** Task goal **
Scan the records for "White". Show the matching lines.

===== Task data

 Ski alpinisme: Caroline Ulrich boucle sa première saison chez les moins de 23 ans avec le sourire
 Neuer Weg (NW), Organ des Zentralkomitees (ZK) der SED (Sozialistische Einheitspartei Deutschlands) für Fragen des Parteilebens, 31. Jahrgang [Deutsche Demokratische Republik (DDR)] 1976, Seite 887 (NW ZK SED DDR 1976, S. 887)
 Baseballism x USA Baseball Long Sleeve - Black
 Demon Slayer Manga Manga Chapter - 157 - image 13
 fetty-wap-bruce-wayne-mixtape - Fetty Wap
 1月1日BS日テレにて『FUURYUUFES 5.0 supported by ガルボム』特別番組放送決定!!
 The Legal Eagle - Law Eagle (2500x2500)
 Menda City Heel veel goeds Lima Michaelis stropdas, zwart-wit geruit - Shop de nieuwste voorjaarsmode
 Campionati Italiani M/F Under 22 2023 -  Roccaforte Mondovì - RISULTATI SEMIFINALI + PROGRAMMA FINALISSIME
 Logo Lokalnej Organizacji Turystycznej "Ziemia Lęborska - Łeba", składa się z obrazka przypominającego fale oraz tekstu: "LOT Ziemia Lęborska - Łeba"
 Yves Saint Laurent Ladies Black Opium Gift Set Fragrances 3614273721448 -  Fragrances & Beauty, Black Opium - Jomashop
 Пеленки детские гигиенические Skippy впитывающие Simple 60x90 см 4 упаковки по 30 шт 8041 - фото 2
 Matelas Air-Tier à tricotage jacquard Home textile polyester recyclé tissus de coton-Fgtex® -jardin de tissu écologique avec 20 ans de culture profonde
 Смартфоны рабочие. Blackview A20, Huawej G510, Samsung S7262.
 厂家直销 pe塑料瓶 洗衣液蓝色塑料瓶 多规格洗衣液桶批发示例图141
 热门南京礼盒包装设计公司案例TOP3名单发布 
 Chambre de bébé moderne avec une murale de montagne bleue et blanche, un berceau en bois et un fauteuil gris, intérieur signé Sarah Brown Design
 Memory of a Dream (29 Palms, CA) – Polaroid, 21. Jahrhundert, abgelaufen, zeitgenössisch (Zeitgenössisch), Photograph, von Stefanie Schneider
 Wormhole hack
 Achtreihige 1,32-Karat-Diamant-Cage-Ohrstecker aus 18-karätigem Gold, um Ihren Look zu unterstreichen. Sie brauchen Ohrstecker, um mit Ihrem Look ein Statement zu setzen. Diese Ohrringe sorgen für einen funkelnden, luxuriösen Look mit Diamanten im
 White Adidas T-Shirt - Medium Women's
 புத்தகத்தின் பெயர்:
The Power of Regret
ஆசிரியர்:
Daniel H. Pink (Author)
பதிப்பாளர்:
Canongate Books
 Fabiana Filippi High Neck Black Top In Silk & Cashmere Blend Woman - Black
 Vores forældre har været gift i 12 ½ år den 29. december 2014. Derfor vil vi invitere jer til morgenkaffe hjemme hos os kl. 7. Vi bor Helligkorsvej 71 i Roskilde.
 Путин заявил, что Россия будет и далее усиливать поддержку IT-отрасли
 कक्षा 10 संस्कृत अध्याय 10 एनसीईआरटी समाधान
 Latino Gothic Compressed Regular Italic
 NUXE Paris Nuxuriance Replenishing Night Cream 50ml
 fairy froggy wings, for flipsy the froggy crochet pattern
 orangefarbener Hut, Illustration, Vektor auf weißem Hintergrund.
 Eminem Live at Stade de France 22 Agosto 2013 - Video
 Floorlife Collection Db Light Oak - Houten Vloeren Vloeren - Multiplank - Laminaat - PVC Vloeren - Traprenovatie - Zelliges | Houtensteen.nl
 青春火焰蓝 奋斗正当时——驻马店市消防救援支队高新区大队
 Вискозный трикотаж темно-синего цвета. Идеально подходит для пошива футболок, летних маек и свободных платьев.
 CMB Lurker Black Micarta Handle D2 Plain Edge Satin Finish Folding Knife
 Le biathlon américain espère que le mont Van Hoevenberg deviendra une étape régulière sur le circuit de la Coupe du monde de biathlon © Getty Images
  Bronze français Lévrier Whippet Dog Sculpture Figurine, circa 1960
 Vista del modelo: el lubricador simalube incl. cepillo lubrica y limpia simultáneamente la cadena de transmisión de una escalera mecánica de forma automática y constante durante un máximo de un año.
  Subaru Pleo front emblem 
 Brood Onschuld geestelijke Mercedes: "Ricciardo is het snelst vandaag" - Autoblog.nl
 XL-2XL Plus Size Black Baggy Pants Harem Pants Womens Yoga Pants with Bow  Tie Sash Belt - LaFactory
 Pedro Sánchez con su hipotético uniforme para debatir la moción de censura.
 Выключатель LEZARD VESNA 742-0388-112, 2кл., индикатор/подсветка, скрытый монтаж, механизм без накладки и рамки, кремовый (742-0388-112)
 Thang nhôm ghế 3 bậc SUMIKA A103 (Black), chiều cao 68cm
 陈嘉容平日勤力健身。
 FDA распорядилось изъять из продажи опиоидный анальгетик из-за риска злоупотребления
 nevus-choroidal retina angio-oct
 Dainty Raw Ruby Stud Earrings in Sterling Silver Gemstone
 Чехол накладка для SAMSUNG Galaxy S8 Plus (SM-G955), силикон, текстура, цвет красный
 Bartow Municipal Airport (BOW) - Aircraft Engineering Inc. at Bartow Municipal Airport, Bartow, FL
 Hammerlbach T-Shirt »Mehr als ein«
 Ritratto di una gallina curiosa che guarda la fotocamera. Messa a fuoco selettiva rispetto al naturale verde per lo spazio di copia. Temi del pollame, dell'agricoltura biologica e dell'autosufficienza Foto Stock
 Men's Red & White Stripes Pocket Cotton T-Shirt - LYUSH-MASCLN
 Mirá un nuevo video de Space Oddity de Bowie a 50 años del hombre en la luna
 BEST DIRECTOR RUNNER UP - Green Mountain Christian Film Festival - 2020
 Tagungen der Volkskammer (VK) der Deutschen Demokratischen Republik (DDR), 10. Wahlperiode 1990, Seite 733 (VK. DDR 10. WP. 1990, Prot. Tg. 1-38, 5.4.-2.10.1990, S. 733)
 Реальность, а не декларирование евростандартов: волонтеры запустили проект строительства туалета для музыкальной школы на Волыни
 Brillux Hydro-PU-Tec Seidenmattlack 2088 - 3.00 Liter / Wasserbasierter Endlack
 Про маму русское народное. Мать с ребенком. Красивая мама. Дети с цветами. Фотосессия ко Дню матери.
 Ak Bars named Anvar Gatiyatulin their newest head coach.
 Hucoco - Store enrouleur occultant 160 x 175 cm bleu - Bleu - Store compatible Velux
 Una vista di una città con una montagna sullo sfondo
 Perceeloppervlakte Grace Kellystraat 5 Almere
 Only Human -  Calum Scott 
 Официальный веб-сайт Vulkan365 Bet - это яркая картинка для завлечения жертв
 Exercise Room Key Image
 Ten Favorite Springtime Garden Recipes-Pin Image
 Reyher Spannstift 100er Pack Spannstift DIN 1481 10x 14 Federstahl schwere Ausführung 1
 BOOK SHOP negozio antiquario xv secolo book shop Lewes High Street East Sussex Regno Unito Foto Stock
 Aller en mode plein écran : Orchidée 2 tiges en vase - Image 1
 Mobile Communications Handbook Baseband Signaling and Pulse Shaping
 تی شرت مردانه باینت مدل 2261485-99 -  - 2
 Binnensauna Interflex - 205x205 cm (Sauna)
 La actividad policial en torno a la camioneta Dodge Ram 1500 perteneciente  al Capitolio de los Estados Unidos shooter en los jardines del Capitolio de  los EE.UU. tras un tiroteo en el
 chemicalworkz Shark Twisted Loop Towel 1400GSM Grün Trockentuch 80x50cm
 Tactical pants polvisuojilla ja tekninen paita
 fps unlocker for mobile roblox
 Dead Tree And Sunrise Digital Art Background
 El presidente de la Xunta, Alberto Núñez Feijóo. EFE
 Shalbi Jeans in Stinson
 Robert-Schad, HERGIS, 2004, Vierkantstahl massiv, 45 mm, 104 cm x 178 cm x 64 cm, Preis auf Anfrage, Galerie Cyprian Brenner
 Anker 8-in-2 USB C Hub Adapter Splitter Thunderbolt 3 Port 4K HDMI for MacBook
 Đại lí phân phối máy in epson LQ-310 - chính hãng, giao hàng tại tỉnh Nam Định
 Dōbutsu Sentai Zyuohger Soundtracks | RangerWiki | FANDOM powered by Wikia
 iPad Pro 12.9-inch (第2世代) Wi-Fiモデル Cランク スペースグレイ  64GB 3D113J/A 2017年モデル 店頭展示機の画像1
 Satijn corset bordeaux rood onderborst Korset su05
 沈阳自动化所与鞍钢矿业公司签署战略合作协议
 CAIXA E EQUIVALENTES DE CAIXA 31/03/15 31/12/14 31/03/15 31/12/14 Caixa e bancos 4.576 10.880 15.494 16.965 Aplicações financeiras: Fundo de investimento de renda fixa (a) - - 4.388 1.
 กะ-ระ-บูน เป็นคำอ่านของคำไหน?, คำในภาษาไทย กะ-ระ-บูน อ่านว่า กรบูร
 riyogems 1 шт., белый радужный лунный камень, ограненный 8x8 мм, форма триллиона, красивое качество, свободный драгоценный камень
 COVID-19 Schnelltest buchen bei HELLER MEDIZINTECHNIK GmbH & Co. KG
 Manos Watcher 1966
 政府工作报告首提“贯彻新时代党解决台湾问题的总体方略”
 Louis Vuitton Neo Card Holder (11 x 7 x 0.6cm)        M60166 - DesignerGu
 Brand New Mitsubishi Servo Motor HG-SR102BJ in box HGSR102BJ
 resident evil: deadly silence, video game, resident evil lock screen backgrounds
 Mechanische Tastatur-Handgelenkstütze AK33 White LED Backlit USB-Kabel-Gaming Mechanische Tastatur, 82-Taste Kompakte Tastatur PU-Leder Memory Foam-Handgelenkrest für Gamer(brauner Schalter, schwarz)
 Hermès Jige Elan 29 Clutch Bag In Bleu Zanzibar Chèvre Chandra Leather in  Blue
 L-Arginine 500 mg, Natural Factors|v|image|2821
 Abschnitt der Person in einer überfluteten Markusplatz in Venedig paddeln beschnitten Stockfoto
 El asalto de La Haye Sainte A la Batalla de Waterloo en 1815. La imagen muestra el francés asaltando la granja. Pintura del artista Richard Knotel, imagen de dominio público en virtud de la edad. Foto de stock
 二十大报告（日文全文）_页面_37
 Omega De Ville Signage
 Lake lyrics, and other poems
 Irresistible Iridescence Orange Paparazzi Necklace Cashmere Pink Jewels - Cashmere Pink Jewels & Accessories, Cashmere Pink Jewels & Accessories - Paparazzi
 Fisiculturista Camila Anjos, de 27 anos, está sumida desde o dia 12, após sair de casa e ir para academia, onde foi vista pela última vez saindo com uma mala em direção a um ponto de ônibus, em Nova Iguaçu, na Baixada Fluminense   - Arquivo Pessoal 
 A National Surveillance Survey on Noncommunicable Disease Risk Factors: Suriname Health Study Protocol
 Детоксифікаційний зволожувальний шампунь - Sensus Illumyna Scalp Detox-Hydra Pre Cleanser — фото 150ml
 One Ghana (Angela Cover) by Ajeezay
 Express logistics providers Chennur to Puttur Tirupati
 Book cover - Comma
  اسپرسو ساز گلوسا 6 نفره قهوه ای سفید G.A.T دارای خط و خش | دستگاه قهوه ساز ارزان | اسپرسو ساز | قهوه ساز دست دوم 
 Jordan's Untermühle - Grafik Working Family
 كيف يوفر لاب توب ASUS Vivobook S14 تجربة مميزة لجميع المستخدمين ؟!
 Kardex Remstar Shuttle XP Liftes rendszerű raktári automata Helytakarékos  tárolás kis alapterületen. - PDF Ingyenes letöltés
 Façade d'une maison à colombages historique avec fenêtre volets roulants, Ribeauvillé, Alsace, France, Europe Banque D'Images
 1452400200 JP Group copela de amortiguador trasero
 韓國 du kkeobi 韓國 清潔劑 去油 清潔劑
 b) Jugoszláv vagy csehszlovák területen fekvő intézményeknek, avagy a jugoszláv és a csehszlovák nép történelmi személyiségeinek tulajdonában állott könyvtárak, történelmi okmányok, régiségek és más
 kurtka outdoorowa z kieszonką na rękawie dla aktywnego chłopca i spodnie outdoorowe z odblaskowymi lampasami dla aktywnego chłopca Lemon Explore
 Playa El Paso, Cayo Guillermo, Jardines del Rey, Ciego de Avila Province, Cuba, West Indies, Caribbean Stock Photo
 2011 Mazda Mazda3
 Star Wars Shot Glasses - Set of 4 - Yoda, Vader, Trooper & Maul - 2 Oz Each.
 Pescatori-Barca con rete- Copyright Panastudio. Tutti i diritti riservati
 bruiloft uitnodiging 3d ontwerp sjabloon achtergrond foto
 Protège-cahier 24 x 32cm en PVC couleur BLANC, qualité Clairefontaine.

==========

** Exercise answer **
 White Adidas T-Shirt - Medium Women's
 Men's Red & White Stripes Pocket Cotton T-Shirt - LYUSH-MASCLN
 Mechanische Tastatur-Handgelenkstütze AK33 White LED Backlit USB-Kabel-Gaming Mechanische Tastatur, 82-Taste Kompakte Tastatur PU-Leder Memory Foam-Handgelenkrest für Gamer(brauner Schalter, schwarz)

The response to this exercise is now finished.